During the summer of 2018, Joel Snyder, a loved teacher at Southern Huntingdon County High School (SHCHS), was diagnosed with testicular cancer. His treatments began at the end of September and was out of the classroom until he returned in late January.
Snyder’s wife, Lori, was concerned he would not make it through a full school day without becoming too exhausted to continue teaching when he returned full time. Thankfully, the first two weeks this high school math teacher returned had several days impacted by weather leading to cancellations, delays and early dismissals. These adjusted schedules helped Snyder somewhat return to his usual school routine.
The treatments Snyder went through affected him in various ways including mentally and physically.
He shared his experiences of the mental changes stating, “I did not know what people meant by the ‘chemo fog’ until I experienced it myself. There were many times when I was recording math lessons that I had to use a calculator to do simple calculations. On several occasions, I had to redo a video (Snyder produced online lessons to be applied at school during his absence) because I kept making mistakes. Then there were times when I knew what I wanted to say, but I could not seem to get it from my mind to my mouth.” These difficulties did not discourage him; he never gave up when things became hard.

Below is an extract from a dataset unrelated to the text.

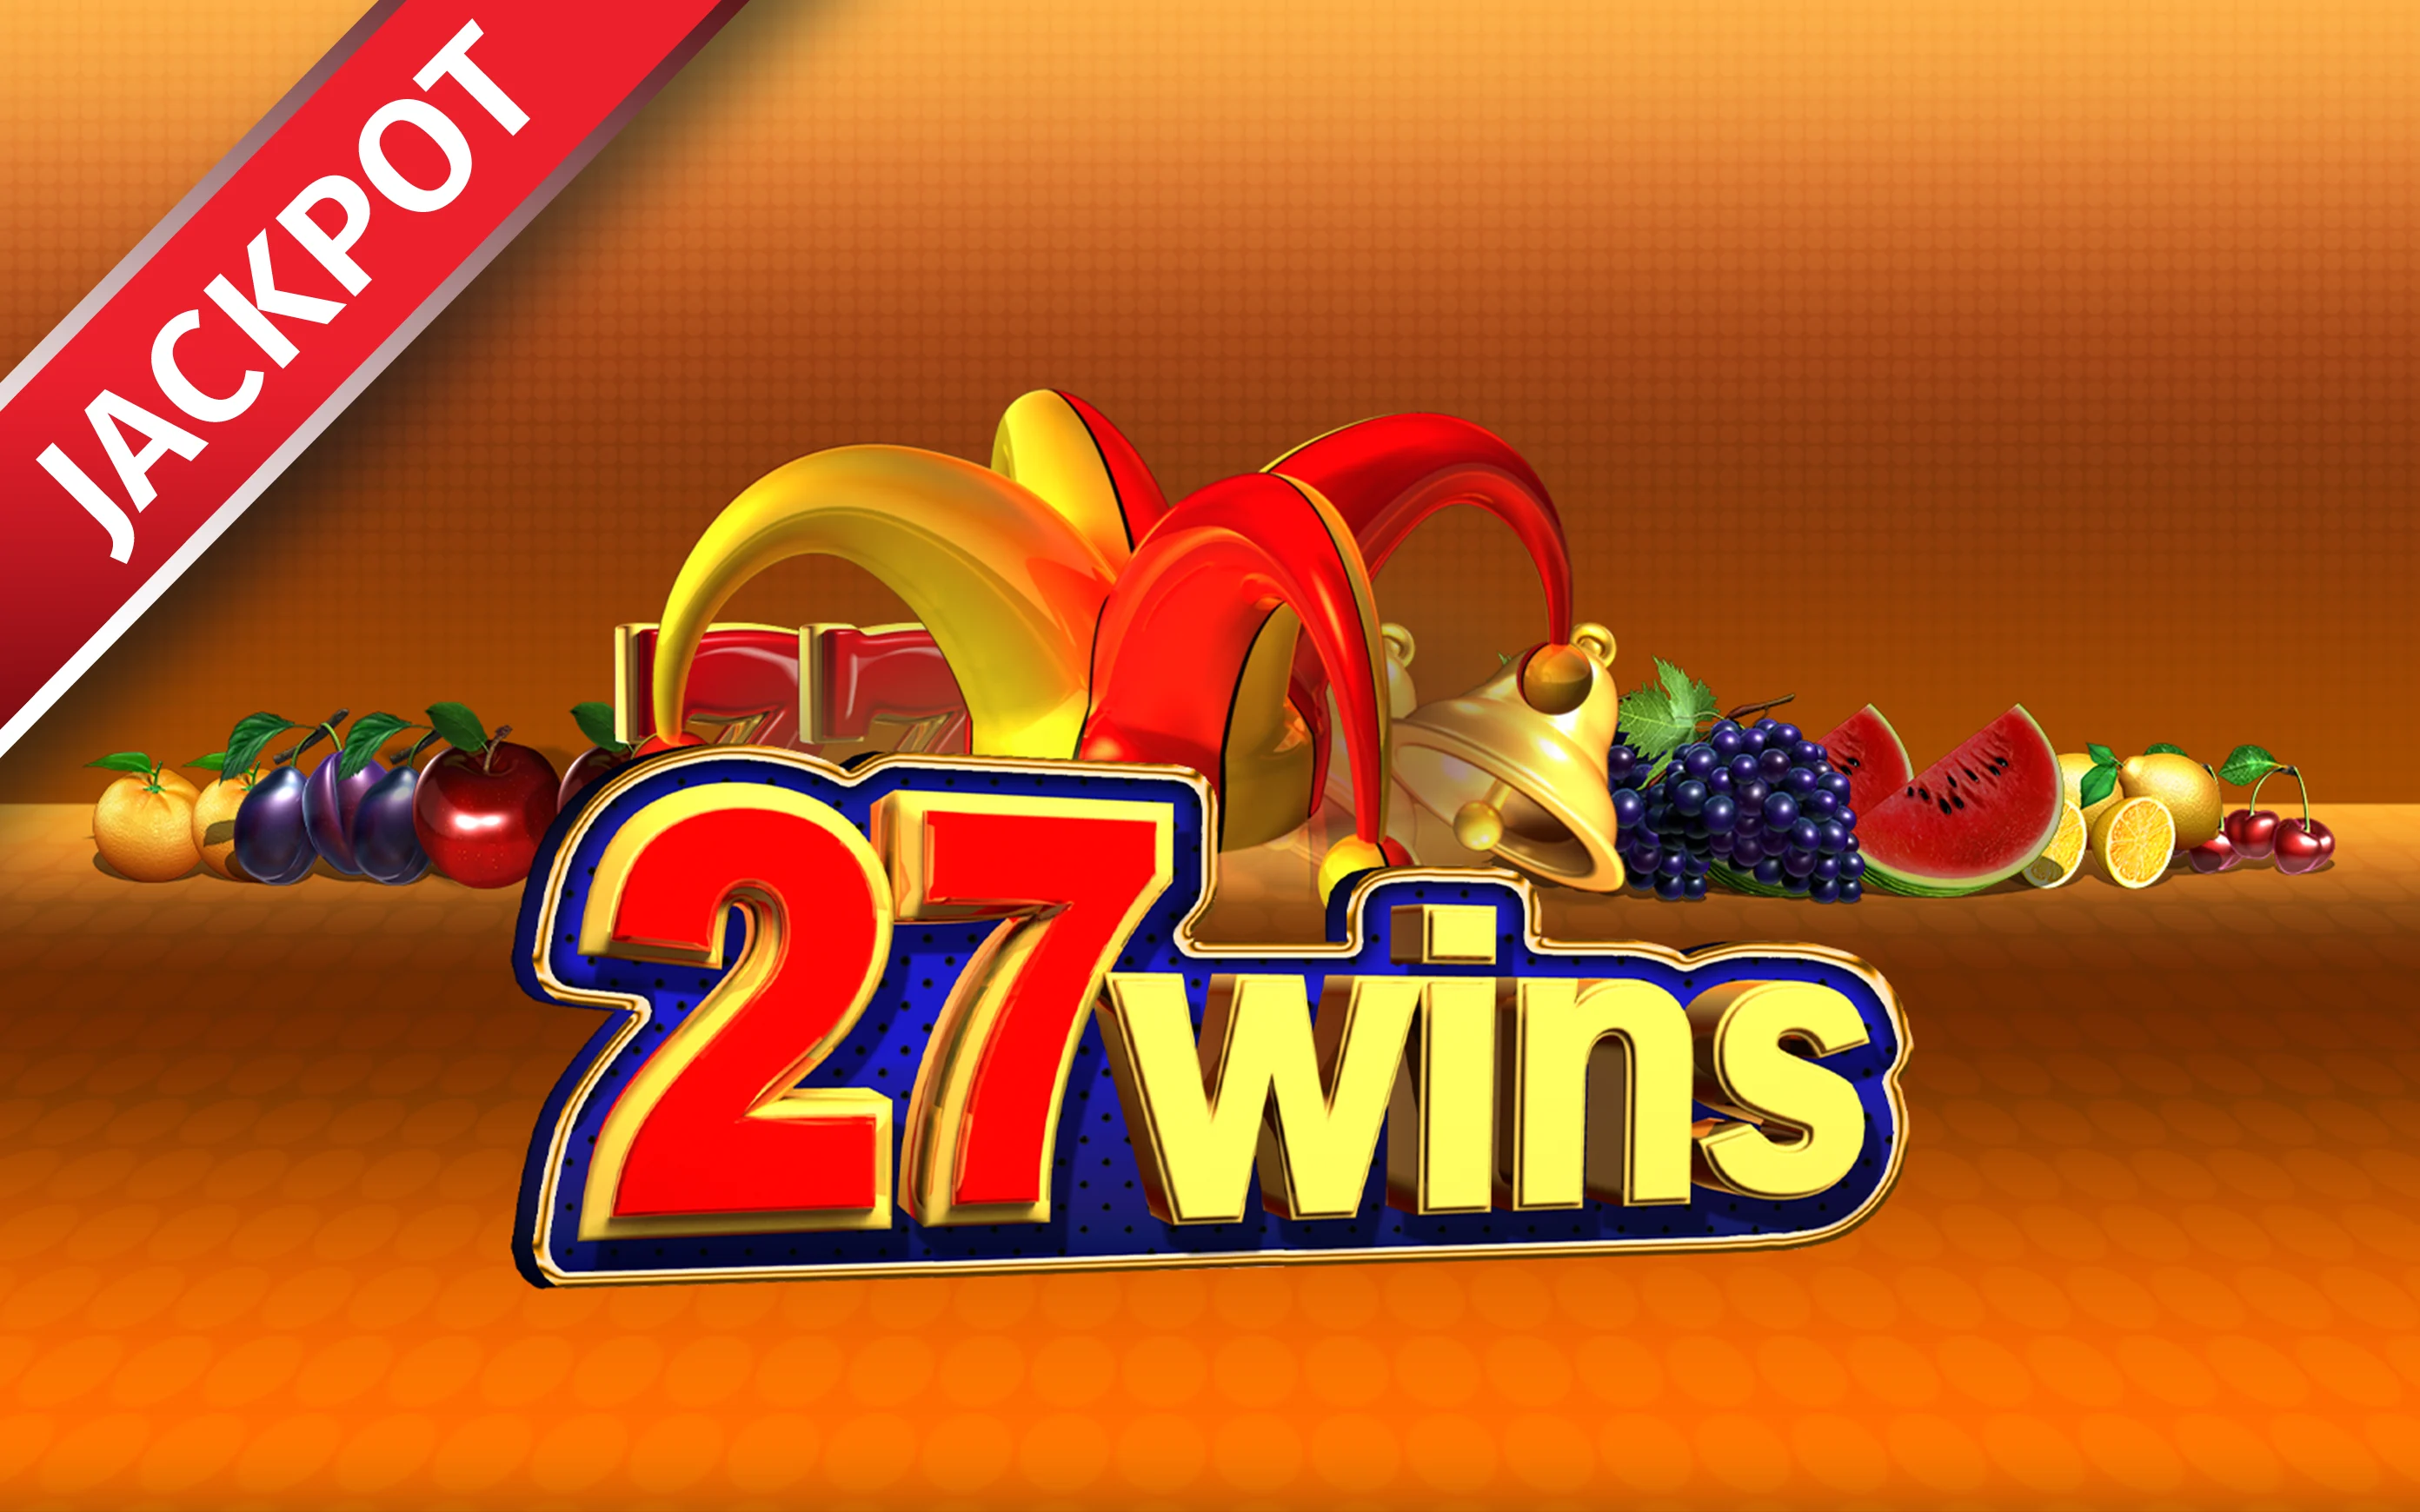 Play 27 Wins on Starcasino.be online casino
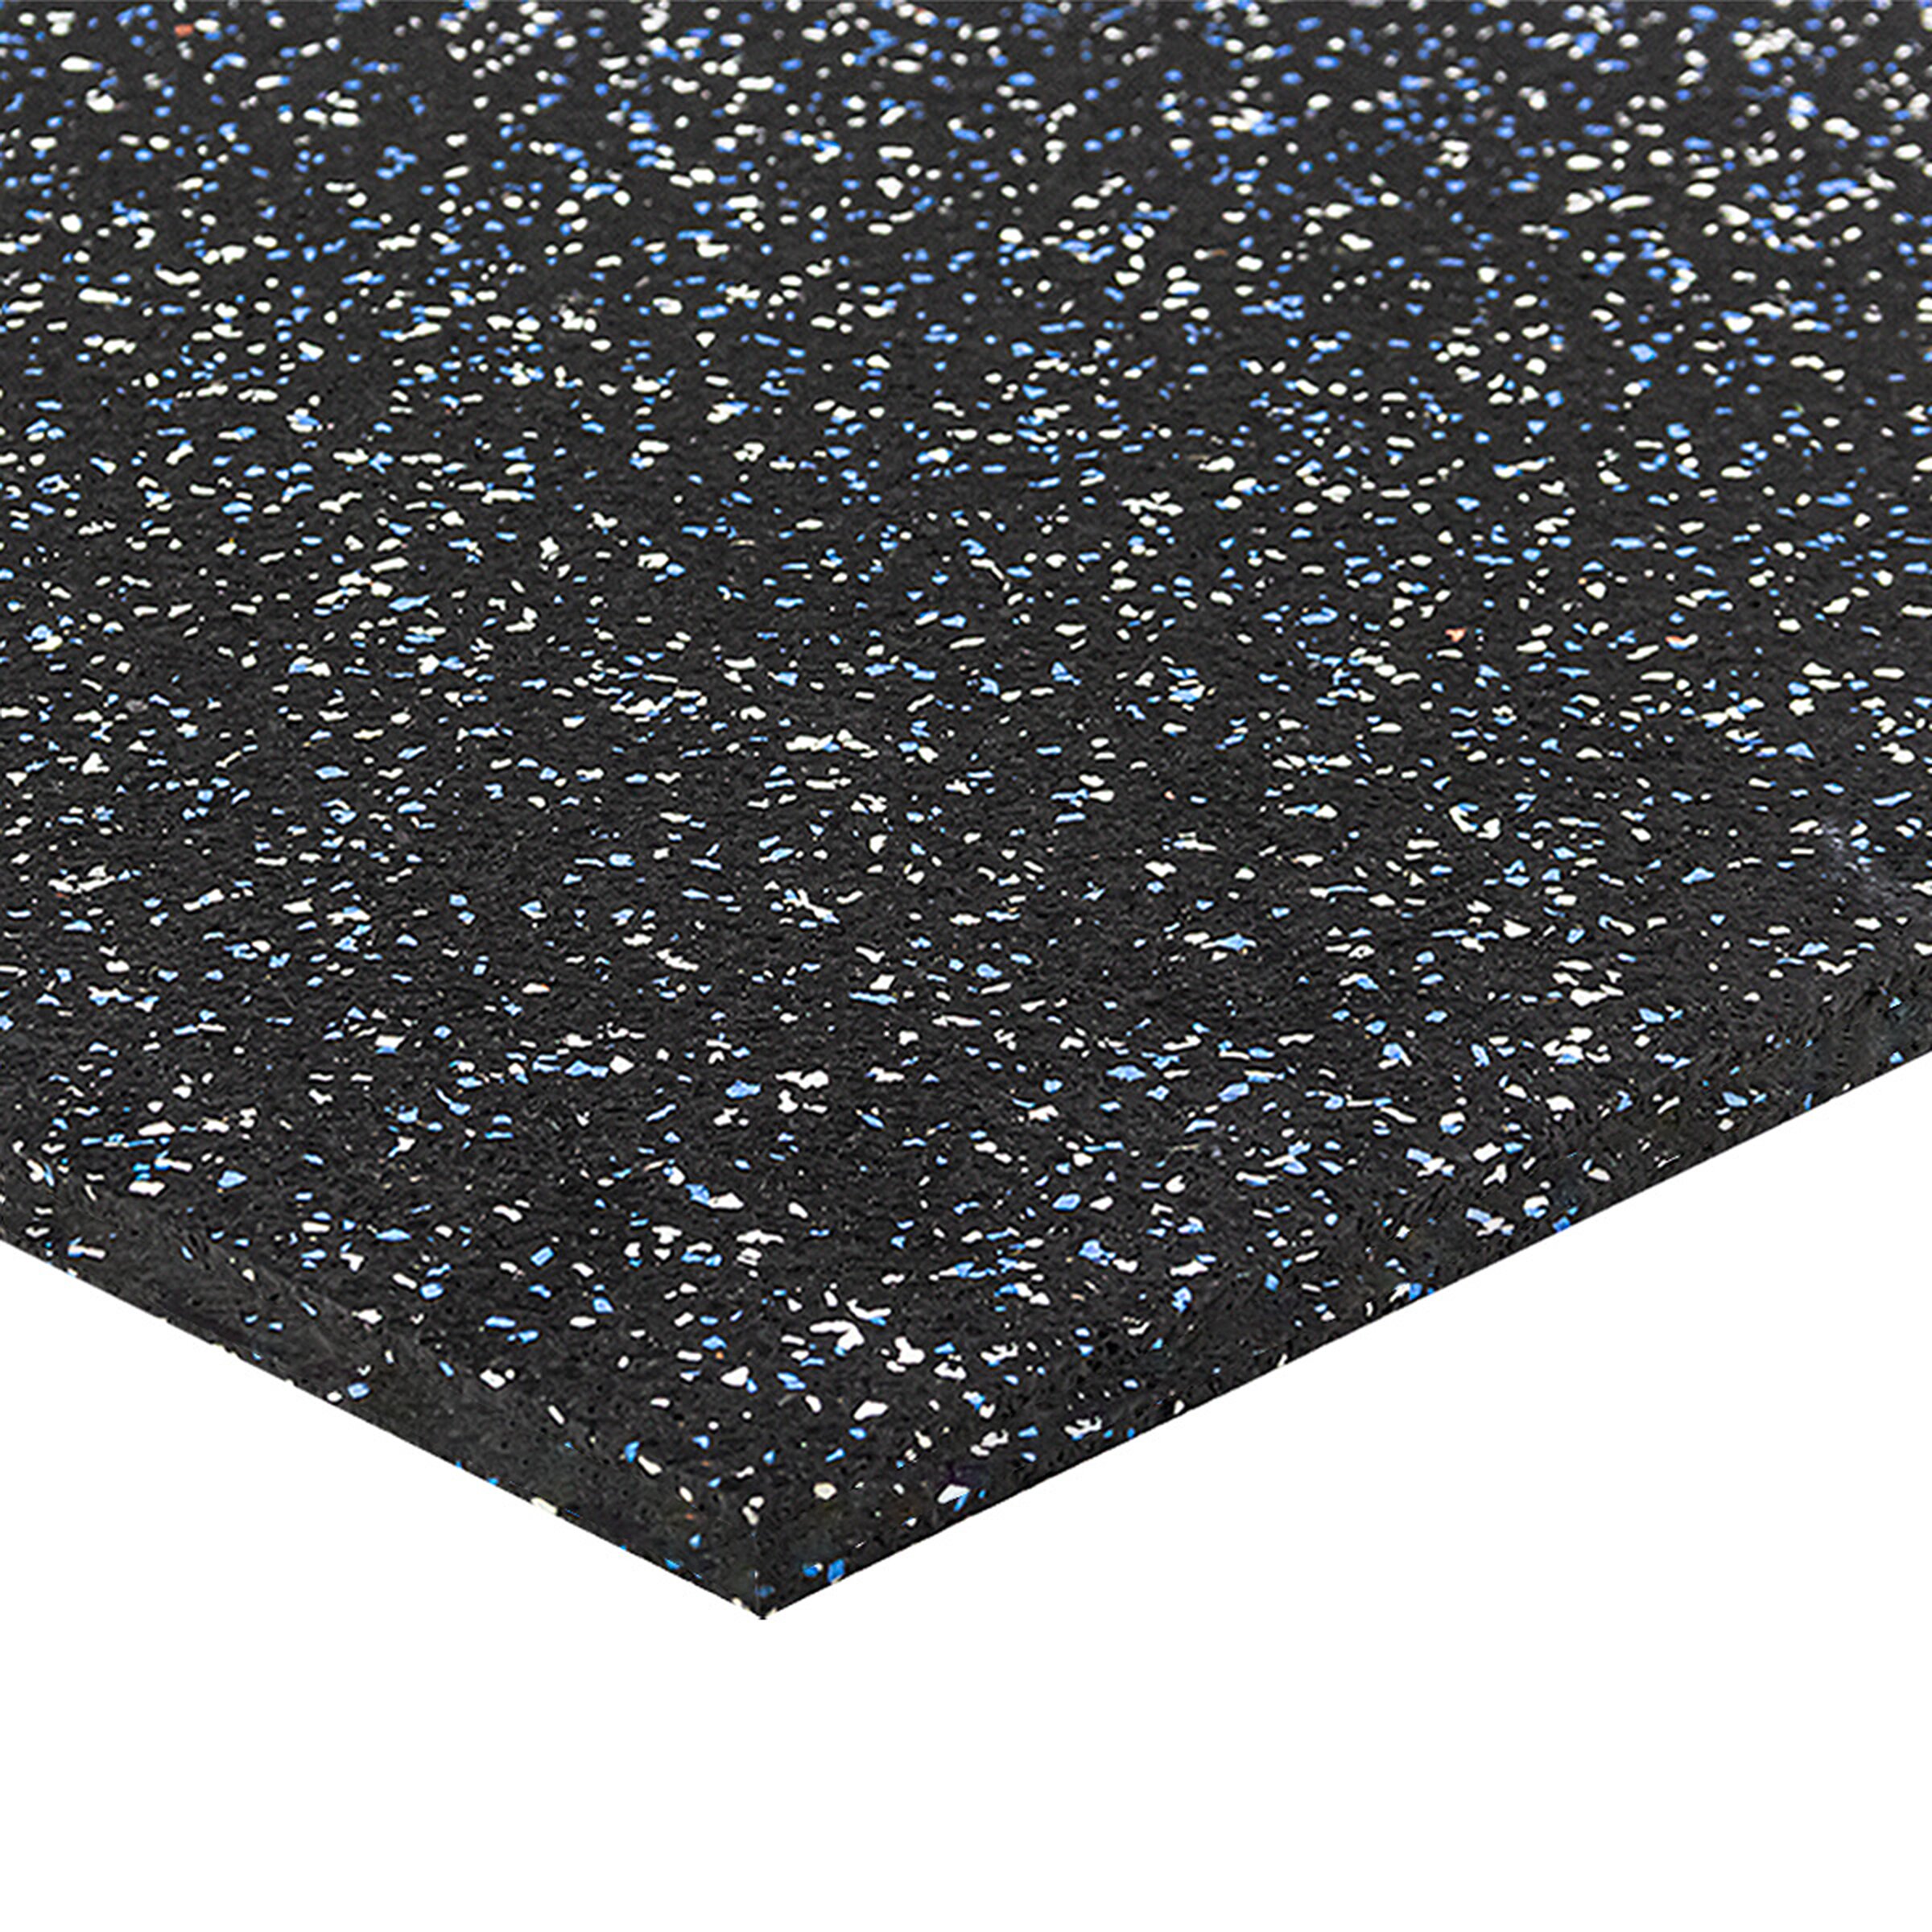 Černo-bílo-modrá podlahová guma (puzzle - roh) FLOMA FitFlo SF1050 - délka 100 cm, šířka 100 cm, výška 1,6 cm

Snyder went through many physical changes as well from losing hair to losing weight. “I found it weird to look into the mirror and see someone else’s reflection. It was not the same person I was used to seeing.” Snyder was admitted to the hospital for chemotherapy on a regular basis with each treatment scheduled for five days. “I actually felt better on those days than the several days when I returned home, but I struggled with terrible acid reflux.”
Snyder said, “I think I was “couch-bound” for at least five days. There were many days that I only moved from the couch to use the restroom.” Even eating food had become difficult for him. “As the treatments continued, it seemed like food tasted more and more like metal. After the first bite of food, I could not really taste anything. Although this has gotten better since the treatments are done, I still have a metallic taste in my mouth from time to time.” Snyder remains strong throughout his treatments and the side effects as he continues to fight the cancer.
Throughout his hard and difficult times, Snyder continued to create videos for his calculus and Advanced Mathematics students so that they could persevere their education while his Geometry students were taught by Sandi Berrier, former math instructor at SHC. “I am grateful that Berrier agreed to facilitate in the classroom as the substitute teacher in my absence and that the school district allowed me to serve in that capacity.” Berrier aided Snyder in many ways, including standing in for him while he was unable to be there for his students physically. Berrier did an amazing job helping students understand the mathematics and answering questions that could not be answered because Snyder was not able.
Snyder has progressively gotten better and continues to fight his illness. “When I met with my oncologist three weeks after my treatments ended, we reviewed scans and blood work. The lymph nodes that were enlarged have returned to normal size.”
Snyder will return to Hershey at the end of March for scans and blood work. The doctors will be trying to see if any clots have not yet dissolved, but hopefully will, and to make sure that cancer has not returned. That procedure will be done every three months for the first year following the treatments. Scans and blood work will be done every four months for the second year following treatments.
Snyder’s return has been a difficult adjustment, but students and teachers are grateful to have him back in the classroom. Joshua Fleck, an SHC freshman geometry student in Snyder’s class, related how thankful he is to have his teacher back in charge of the classroom. “Mr. Snyder does a wonderful job interacting with the students and creating a class that is enjoyable to be a part of. His sense of humor brings the class to life and makes the learning experience more entertaining.”
Joel Snyder, who is not only a teacher, fulfills the role of a father, husband and preacher who is loved by all. “So many people blessed me with words of encouragement, cards, gifts and prayers. Students and teachers at the school made and signed a quilt for me. It was, and still is, an encouragement when I curl underneath it on the couch,” Snyder said, “These acts of kindness have helped my family and me through this difficult journey.”
Snyder’s students and fellow faculty members are ecstatic to welcome him back and can only hope and pray he beats cancer!